WHAT YOU NEED TO DO:
Nothing in the records may be changed; reproduce all of them.

++++++++++

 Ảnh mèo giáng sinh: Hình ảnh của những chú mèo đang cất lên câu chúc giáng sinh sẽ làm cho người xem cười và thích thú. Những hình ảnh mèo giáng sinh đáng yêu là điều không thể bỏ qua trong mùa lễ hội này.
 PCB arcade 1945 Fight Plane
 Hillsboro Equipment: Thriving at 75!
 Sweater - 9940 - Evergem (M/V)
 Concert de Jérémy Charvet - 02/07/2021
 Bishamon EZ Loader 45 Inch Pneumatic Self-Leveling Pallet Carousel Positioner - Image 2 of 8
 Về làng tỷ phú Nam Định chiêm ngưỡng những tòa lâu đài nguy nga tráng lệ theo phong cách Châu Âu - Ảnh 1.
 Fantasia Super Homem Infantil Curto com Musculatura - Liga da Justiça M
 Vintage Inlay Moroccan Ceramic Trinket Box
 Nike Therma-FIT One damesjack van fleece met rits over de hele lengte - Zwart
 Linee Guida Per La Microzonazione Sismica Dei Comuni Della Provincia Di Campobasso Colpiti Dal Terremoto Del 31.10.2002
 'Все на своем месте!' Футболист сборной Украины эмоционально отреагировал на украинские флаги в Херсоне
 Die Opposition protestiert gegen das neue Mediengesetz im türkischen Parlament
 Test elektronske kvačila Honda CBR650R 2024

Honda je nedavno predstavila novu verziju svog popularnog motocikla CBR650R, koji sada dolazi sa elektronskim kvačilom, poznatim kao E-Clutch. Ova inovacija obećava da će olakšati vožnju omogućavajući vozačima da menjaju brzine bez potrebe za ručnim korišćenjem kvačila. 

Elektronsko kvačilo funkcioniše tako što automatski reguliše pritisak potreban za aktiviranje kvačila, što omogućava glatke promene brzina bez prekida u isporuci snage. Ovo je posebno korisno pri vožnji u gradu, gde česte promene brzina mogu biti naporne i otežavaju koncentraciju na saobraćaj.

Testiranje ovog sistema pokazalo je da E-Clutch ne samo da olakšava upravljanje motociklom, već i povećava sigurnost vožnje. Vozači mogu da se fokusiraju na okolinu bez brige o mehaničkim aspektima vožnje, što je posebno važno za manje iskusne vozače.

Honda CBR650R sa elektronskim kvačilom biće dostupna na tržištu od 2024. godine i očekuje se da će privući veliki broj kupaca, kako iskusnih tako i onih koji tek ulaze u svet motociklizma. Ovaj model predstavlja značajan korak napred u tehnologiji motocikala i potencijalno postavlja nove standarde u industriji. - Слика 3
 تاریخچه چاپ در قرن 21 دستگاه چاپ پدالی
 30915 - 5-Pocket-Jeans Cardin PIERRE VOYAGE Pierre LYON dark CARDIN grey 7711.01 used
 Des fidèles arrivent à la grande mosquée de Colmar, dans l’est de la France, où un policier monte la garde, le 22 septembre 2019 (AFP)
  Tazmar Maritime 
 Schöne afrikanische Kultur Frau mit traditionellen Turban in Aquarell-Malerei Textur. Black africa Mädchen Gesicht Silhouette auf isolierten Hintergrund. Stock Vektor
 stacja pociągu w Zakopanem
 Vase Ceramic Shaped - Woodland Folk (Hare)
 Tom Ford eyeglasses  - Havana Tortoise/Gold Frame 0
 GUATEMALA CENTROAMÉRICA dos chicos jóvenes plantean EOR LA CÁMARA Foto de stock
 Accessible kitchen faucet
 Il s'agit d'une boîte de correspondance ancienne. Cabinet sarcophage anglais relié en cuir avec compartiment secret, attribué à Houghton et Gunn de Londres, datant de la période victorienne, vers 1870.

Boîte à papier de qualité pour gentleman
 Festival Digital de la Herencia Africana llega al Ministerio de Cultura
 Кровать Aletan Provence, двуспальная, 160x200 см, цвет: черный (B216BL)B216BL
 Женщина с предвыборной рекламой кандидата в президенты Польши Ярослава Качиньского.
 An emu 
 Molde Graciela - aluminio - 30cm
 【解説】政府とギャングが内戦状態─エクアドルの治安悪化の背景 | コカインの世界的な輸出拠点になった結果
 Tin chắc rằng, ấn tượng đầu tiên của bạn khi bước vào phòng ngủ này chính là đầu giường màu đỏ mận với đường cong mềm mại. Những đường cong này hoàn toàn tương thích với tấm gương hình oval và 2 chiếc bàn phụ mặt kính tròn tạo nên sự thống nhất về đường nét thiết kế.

++++++++++

FINAL ANSWER:
 Ảnh mèo giáng sinh: Hình ảnh của những chú mèo đang cất lên câu chúc giáng sinh sẽ làm cho người xem cười và thích thú. Những hình ảnh mèo giáng sinh đáng yêu là điều không thể bỏ qua trong mùa lễ hội này.
 PCB arcade 1945 Fight Plane
 Hillsboro Equipment: Thriving at 75!
 Sweater - 9940 - Evergem (M/V)
 Concert de Jérémy Charvet - 02/07/2021
 Bishamon EZ Loader 45 Inch Pneumatic Self-Leveling Pallet Carousel Positioner - Image 2 of 8
 Về làng tỷ phú Nam Định chiêm ngưỡng những tòa lâu đài nguy nga tráng lệ theo phong cách Châu Âu - Ảnh 1.
 Fantasia Super Homem Infantil Curto com Musculatura - Liga da Justiça M
 Vintage Inlay Moroccan Ceramic Trinket Box
 Nike Therma-FIT One damesjack van fleece met rits over de hele lengte - Zwart
 Linee Guida Per La Microzonazione Sismica Dei Comuni Della Provincia Di Campobasso Colpiti Dal Terremoto Del 31.10.2002
 'Все на своем месте!' Футболист сборной Украины эмоционально отреагировал на украинские флаги в Херсоне
 Die Opposition protestiert gegen das neue Mediengesetz im türkischen Parlament
 Test elektronske kvačila Honda CBR650R 2024

Honda je nedavno predstavila novu verziju svog popularnog motocikla CBR650R, koji sada dolazi sa elektronskim kvačilom, poznatim kao E-Clutch. Ova inovacija obećava da će olakšati vožnju omogućavajući vozačima da menjaju brzine bez potrebe za ručnim korišćenjem kvačila. 

Elektronsko kvačilo funkcioniše tako što automatski reguliše pritisak potreban za aktiviranje kvačila, što omogućava glatke promene brzina bez prekida u isporuci snage. Ovo je posebno korisno pri vožnji u gradu, gde česte promene brzina mogu biti naporne i otežavaju koncentraciju na saobraćaj.

Testiranje ovog sistema pokazalo je da E-Clutch ne samo da olakšava upravljanje motociklom, već i povećava sigurnost vožnje. Vozači mogu da se fokusiraju na okolinu bez brige o mehaničkim aspektima vožnje, što je posebno važno za manje iskusne vozače.

Honda CBR650R sa elektronskim kvačilom biće dostupna na tržištu od 2024. godine i očekuje se da će privući veliki broj kupaca, kako iskusnih tako i onih koji tek ulaze u svet motociklizma. Ovaj model predstavlja značajan korak napred u tehnologiji motocikala i potencijalno postavlja nove standarde u industriji. - Слика 3
 تاریخچه چاپ در قرن 21 دستگاه چاپ پدالی
 30915 - 5-Pocket-Jeans Cardin PIERRE VOYAGE Pierre LYON dark CARDIN grey 7711.01 used
 Des fidèles arrivent à la grande mosquée de Colmar, dans l’est de la France, où un policier monte la garde, le 22 septembre 2019 (AFP)
  Tazmar Maritime 
 Schöne afrikanische Kultur Frau mit traditionellen Turban in Aquarell-Malerei Textur. Black africa Mädchen Gesicht Silhouette auf isolierten Hintergrund. Stock Vektor
 stacja pociągu w Zakopanem
 Vase Ceramic Shaped - Woodland Folk (Hare)
 Tom Ford eyeglasses  - Havana Tortoise/Gold Frame 0
 GUATEMALA CENTROAMÉRICA dos chicos jóvenes plantean EOR LA CÁMARA Foto de stock
 Accessible kitchen faucet
 Il s'agit d'une boîte de correspondance ancienne. Cabinet sarcophage anglais relié en cuir avec compartiment secret, attribué à Houghton et Gunn de Londres, datant de la période victorienne, vers 1870.

Boîte à papier de qualité pour gentleman
 Festival Digital de la Herencia Africana llega al Ministerio de Cultura
 Кровать Aletan Provence, двуспальная, 160x200 см, цвет: черный (B216BL)B216BL
 Женщина с предвыборной рекламой кандидата в президенты Польши Ярослава Качиньского.
 An emu 
 Molde Graciela - aluminio - 30cm
 【解説】政府とギャングが内戦状態─エクアドルの治安悪化の背景 | コカインの世界的な輸出拠点になった結果
 Tin chắc rằng, ấn tượng đầu tiên của bạn khi bước vào phòng ngủ này chính là đầu giường màu đỏ mận với đường cong mềm mại. Những đường cong này hoàn toàn tương thích với tấm gương hình oval và 2 chiếc bàn phụ mặt kính tròn tạo nên sự thống nhất về đường nét thiết kế.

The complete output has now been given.